Она говорила загадками, но Лёнька вдруг понял каждое слово. «Держит» – это старые стены, пропитанные запахом сушеных трав, воска и бесчисленных «отчитываний», которые бабка шептала по ночам. «Ворота» – это не калитка в заборе, а порог, окна, зеркала. Места, где мир истончается. И они действительно дрожали: край комода смутно двоился в полумраке, будто его отражение в воде.
– Что прясть? У меня нет ни шерсти, ни…
– У тебя есть голод, – перебила бабка. – И есть дорога, начало которой ты только что откусил. Вот и сучи нить. Из своего желания. Из своей тоски по тому вкусу.
Она взяла его руку с прялкой, обхватила своими сухими, шершавыми пальцами и сделала первое вращательное движение. Веретено завертелось с тихим, неземным жужжанием, похожим на полёт шмеля в пустой банке.
И Лёнька увидел. Из кончика прялки, из того самого острого наконечника, потянулась тончайшая светящаяся нить. Она была не из воздуха. Она вытягивалась прямо из его груди, из той самой пустоты, которая горела после глотка лунного мёда. Нить была холодной и серебристой, и её появление было одновременно мучительным и блаженным, как вскрытие нарыва.
– Веди, – прошептала бабка. – Веди её. Не дай порваться.
Жужжание нарастало. Нить уплотнялась, наматываясь на веретено, и с каждым витком Лёньке в голову приходили обрывки… не мыслей. Картинок. Ощущений.
Мокрый камень под ногой. Запах перепревших яблок в погребе, который глубже, чем должен быть. Звук шагов не в такт своему сердцебиению. Зеркало в темноте, отражающее не комнату, а длинный коридор.
Он понял. Это была карта. Пряжа из его собственной судьбы, вытянутая наружу. Дорога, которую ему предстояло пройти.
Внезапно ставни снаружи громко хлопнули, будто по ним ударили лапой. Бабка вздрогнула.
– Быстрее. Они уже здесь. На пороге иного. Им нужен твой свет. Он для них – как мед для огня. Погаснешь – и они сожгут тебя дотла, чтобы высосать пепел.
Лёнька, заливаясь холодным потом, крутил прялку быстрее. Комната наполнилась серебристым светом от растущего на веретене клубка. Тени от мебели ожили, отползая в углы, будто боясь его. А снаружи послышалось скобление.
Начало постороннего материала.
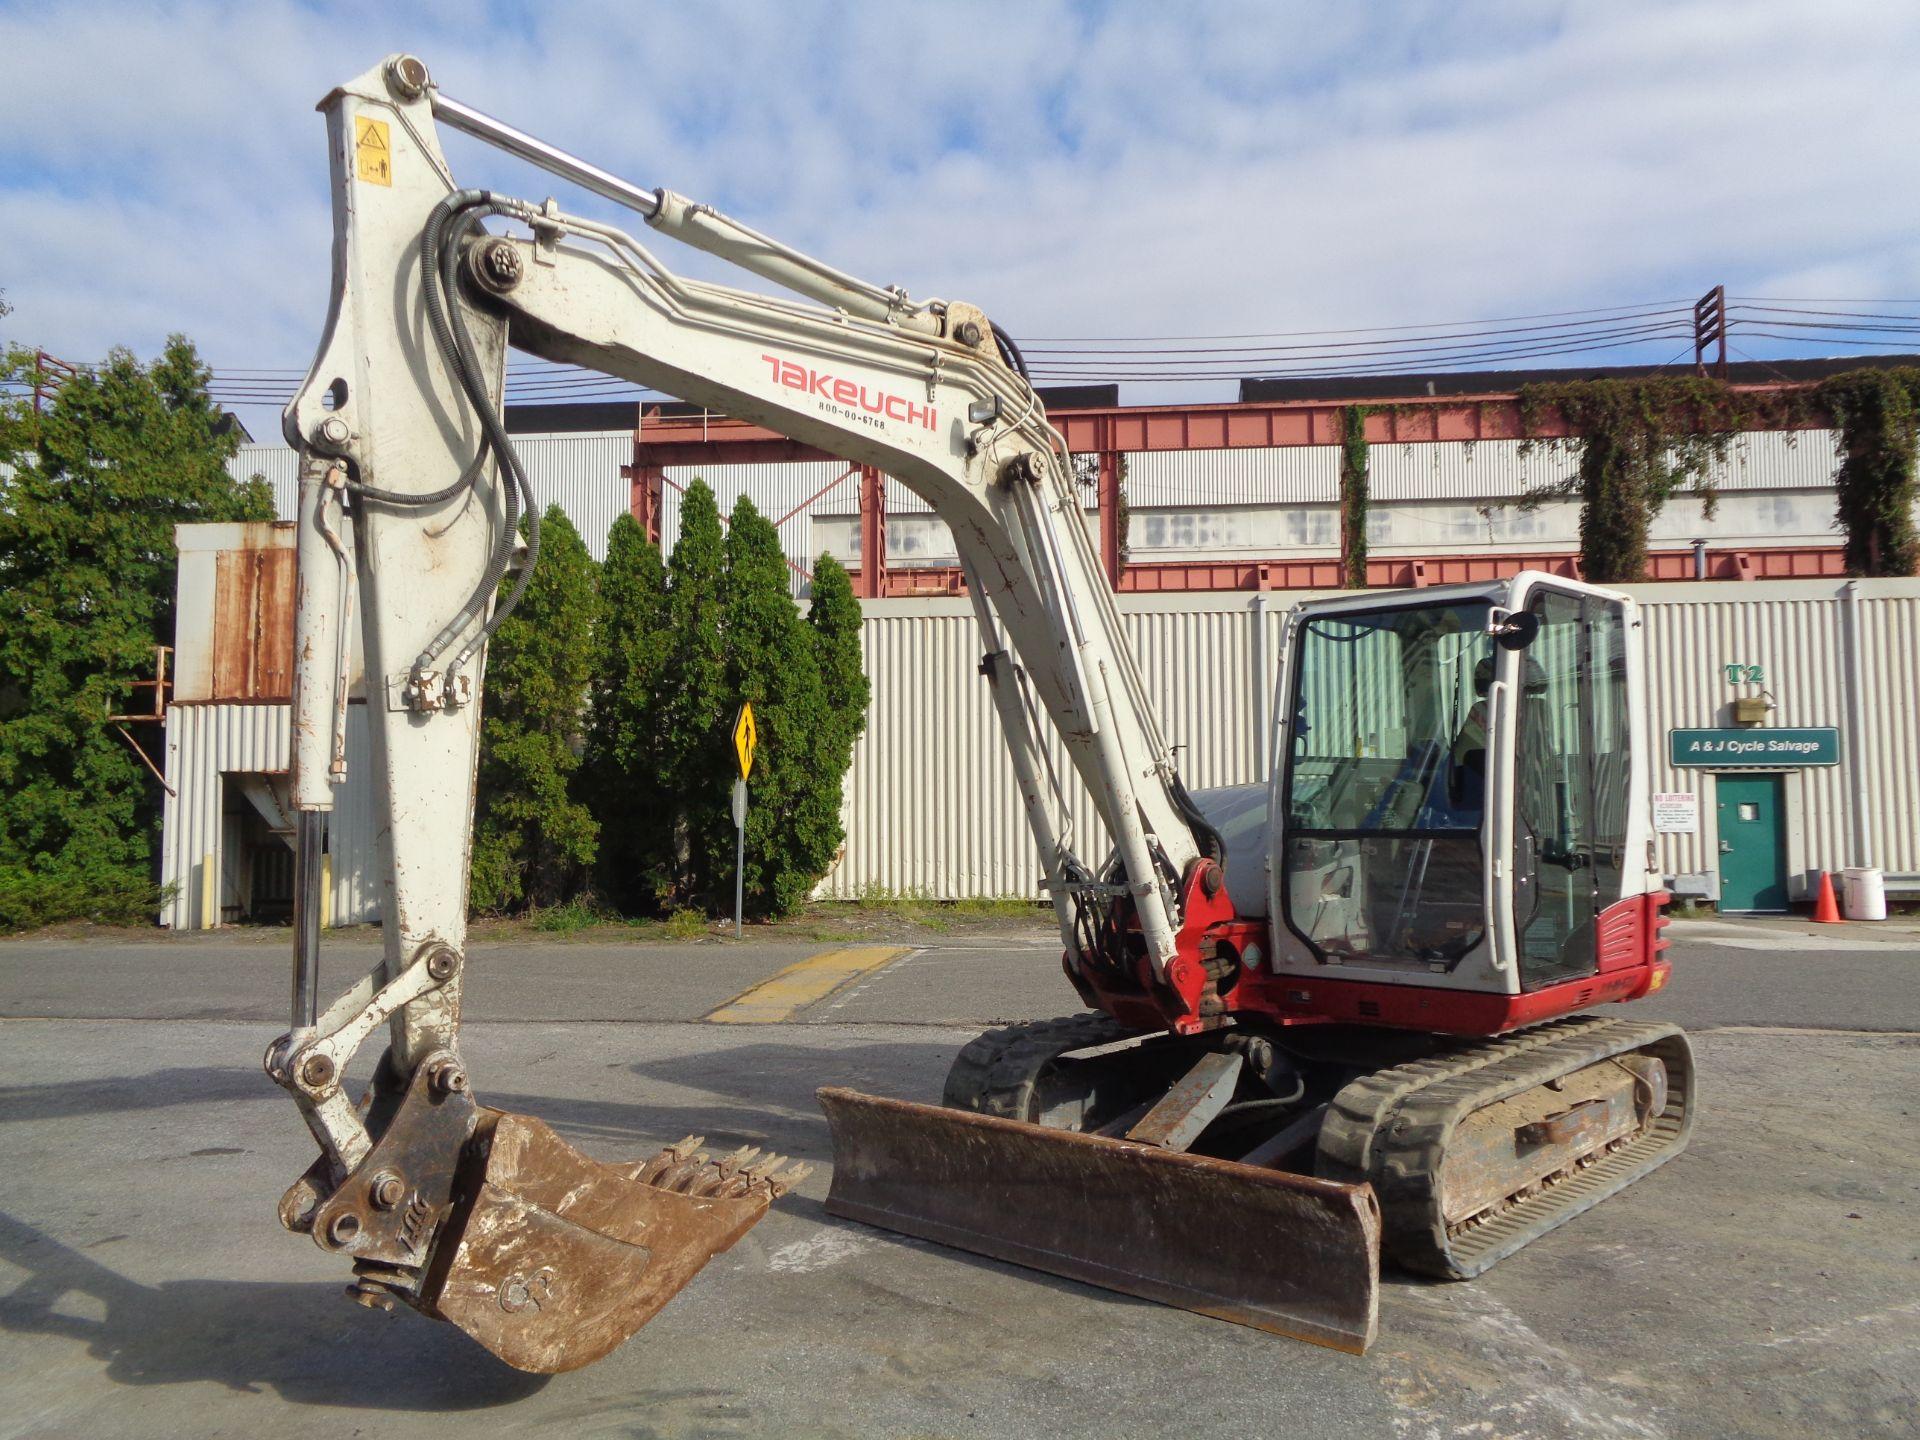 Lot 31 - 2014 Takeuchi TB285 Excavator

Точно кто-то больной и терпеливый скребётся длинным ногтем по стене, метр за метром, подбираясь к окну.
– Готово? – спросила бабка, глядя на почти заполненное светящейся нитью веретено.
– Куда… куда мне идти?
– Туда, куда нить поведёт. Первая остановка всегда рядом. Там, где мир протёрся до дыр. Смотри.
Бабка резко дёрнула нить у основания веретена. Она оборвалась с тихим звеном, и весь клубок взлетел, превратившись в мерцающий шар, и рванулся к старому, треснувшему зеркалу в углу – тому самому, в котором Лёнька в детстве разглядывал свои веснушки. Шар ударился в поверхность, и стекло не треснуло, а размягчилось, превратившись в плёнку ртутной воды.
– Входи, – толкнула бабка его в спину. – Пока зеркало не вспомнило, что оно стекло.
Скобление за окном перешло в настойчивый скрежет. Дверь в сени слегка затрещала по косяку.
Лёнька, не помня себя, шагнул вперёд – не к зеркалу, а сквозь него. Ощущение было как погружение в ледяной ручей. Миг темноты, резкий запах статики и сырости.
Он очутился в коридоре. Но это был не коридор его дома. Стены были обиты тёмной, потёртой тканью, а с потолка свисала единственная тусклая лампочка в жестяном абажуре, раскачивающаяся от сквозняка, которого не было. В воздухе висела пыль, но она не кружилась. Она зависла в воздухе, как будто кто-то нажал паузу. На полу лежала та самая прялка, а рядом – клубок светящейся нити, один конец которого всё ещё был прикреплён к его груди, а другой уходил вглубь коридора, в непроглядную темноту.
Он обернулся. Там, где должен был быть выход, висело то же самое зеркало, но теперь оно отражало не его комнату, а иную – пустую, запылённую, с призрачными силуэтами мебели под простынями. И в этом отражении у самого стекла, медленно проводя по нему чем-то тёмным и длинным, стояла фигура. Безликая, вытянутая, состоящая из сгустившейся тени и того самого запаха влажной земли и старого железа.
Сторож.
Он был здесь. По эту сторону.
Клубок у ног Лёньки дёрнулся и покатился по полу в темноту, разматываясь. Путь был проложен. Бежать было некуда, кроме как вперёд.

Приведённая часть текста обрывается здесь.